The vocabulary is political

Remember when the (GW) Bush administration decided that torture should be called “enhanced interrogation techniques,” and then the New York Times, like all other American news sources, started to call torture “enhanced interrogation techniques,” and people wrote angry letters to the public editor, and the public editor eventually wrote that if the White House decides that torture should not be called torture then calling torture torture is a political issues on which reporters should not take sides?

And Paul Krugman wrote a column in which he said that if the Bush administration declared that the Earth is flat, then the New York Times would have an article headlined “Roundness of Earth disputed,” in which it would make sure to have quotes both from round-Earther and flat-Earther?

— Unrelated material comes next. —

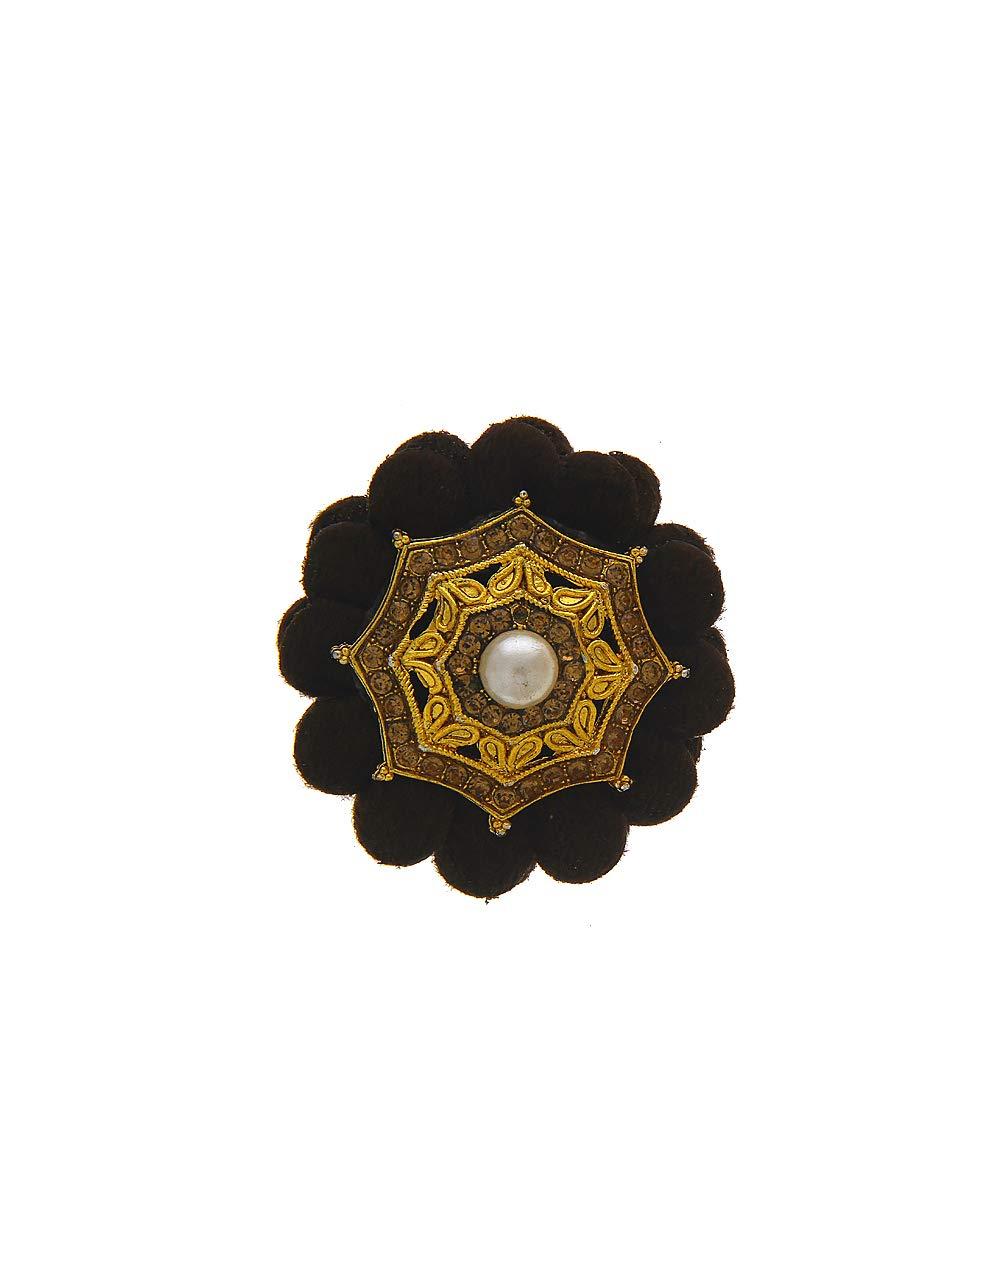 Anuradha Art Black Colour Styled with Studded Stone Wonderful Sari/Saree Pin for Women/Girls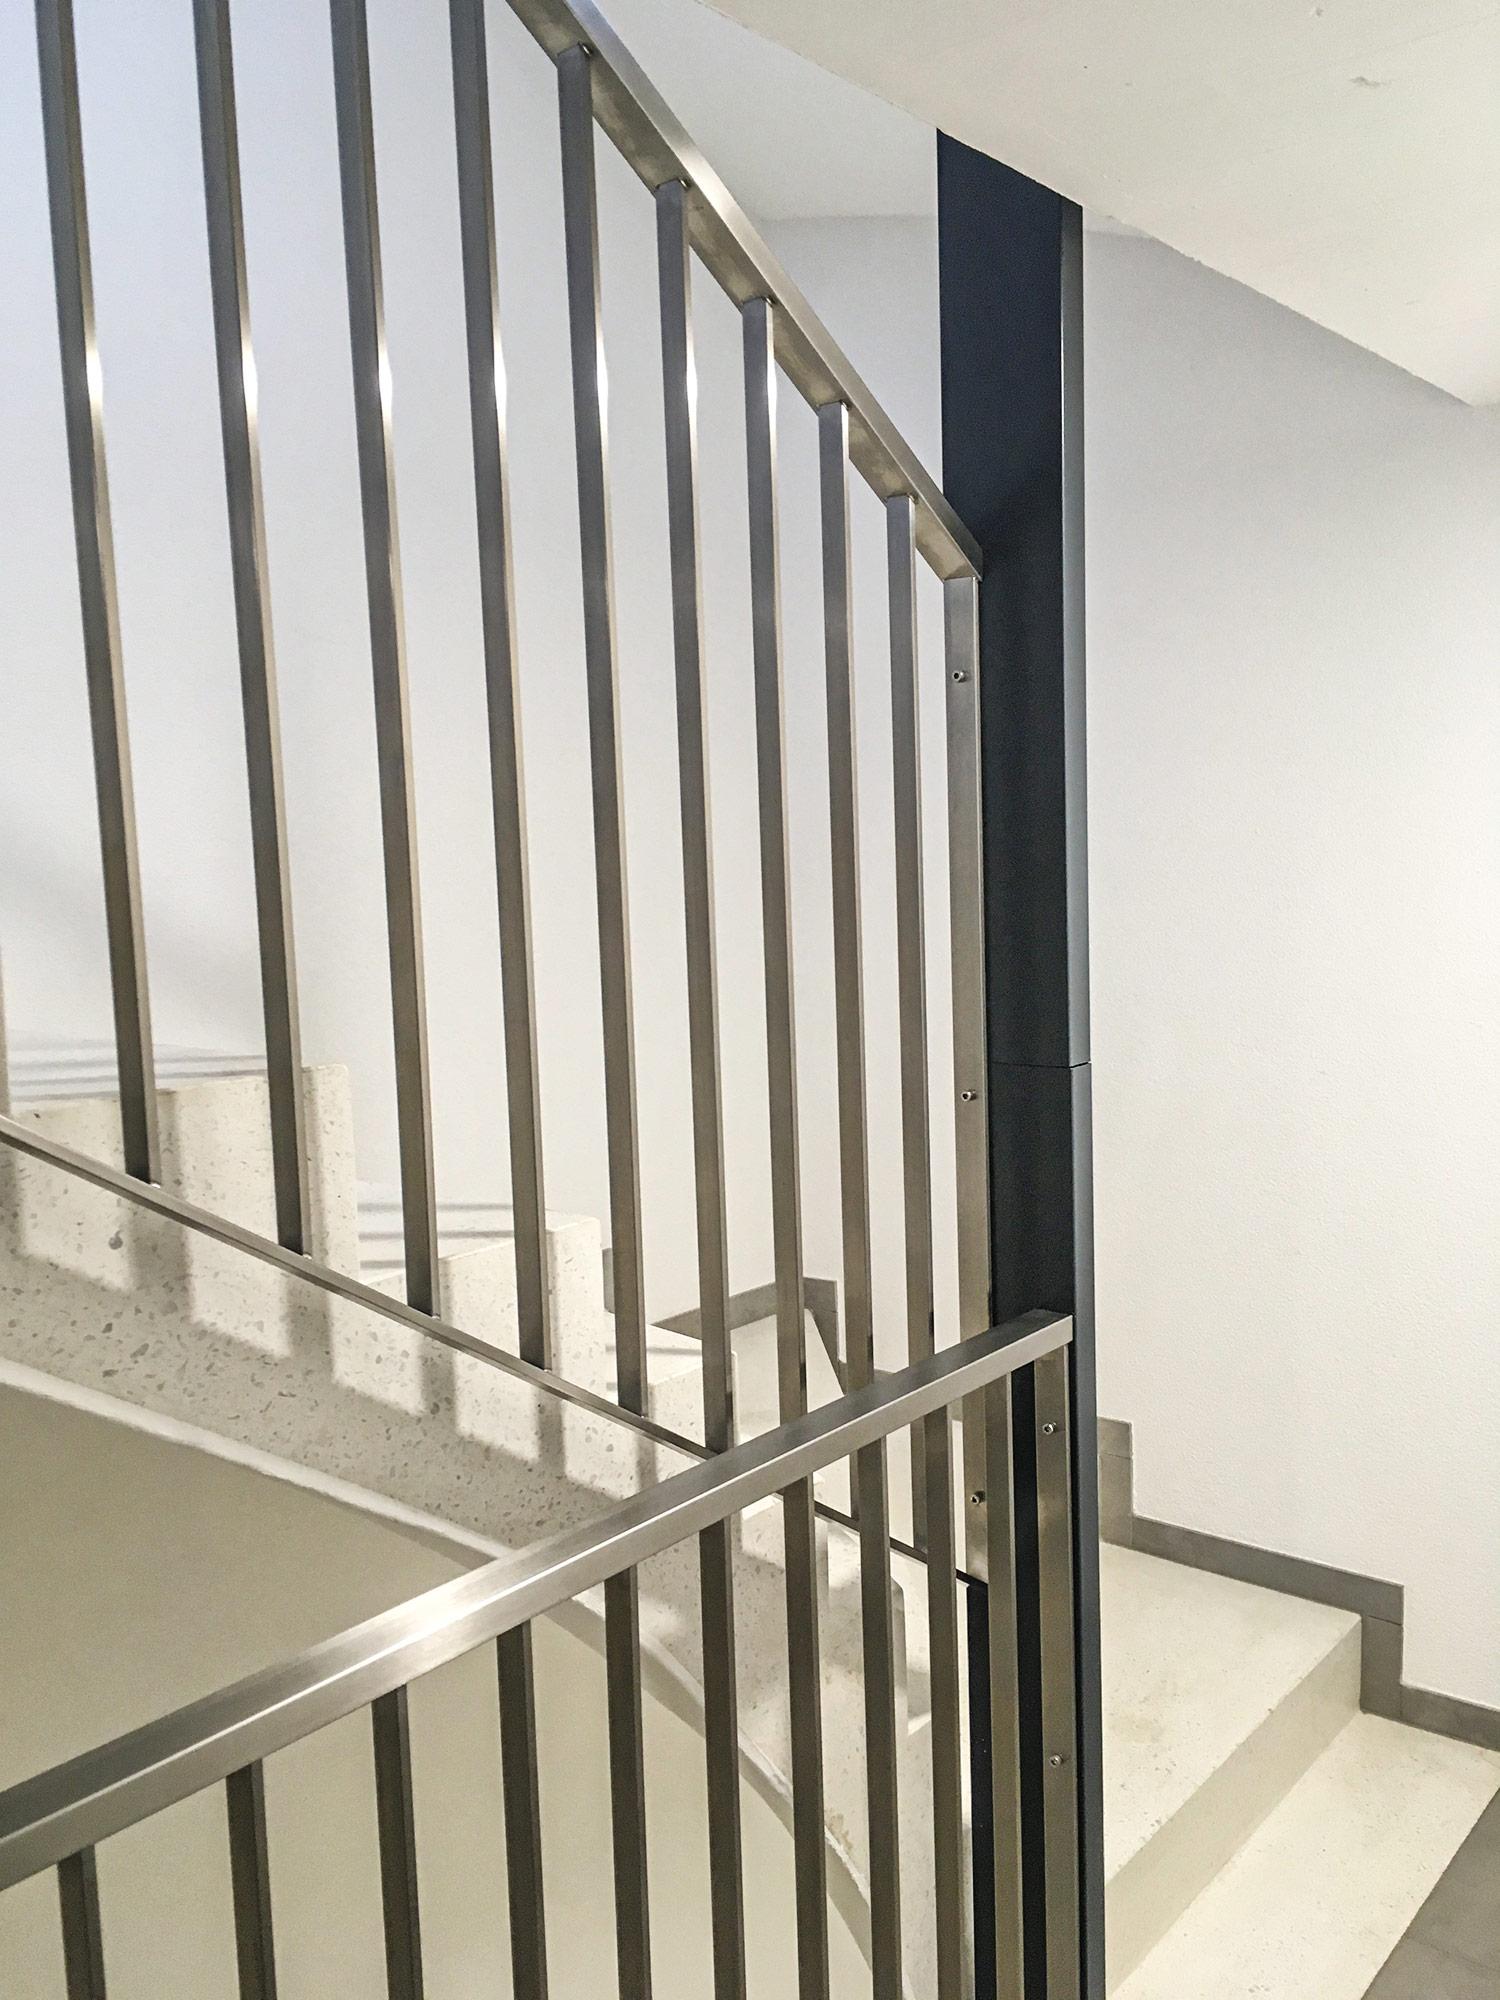 Barrière en acier-inox cage d'escalier

Part of the reason for all this, as explained in this very good article in The Atlantic, is that political reporters (as opposed to political opinion writers) need access, that is, they need White House officials to talk to them, whether on the record or off the record. The ability to withhold access gives administration officials great leverage.

And so Myron Ebell, who works in a think-tank financed by the coal industry, and according to whom climate change is a vast conspiracy perpetrated by left-wing scientists, some of which scientists he has personally attacked, and who is being considered to lead the EPA, is now a climate contrarian, according to the New York Times.

Maybe soon enough, outside the opinion page, the New York Times will start calling racism “race realism.”

One thought on “The vocabulary is political

  1. Those of us who were around longer, recall a Pentagon spokesman answering the question whether the use of tactical nuclear weapons in a European was would also kill friendly troops, replying that “a certain measure of troop deterioration would indeed accompany such use.”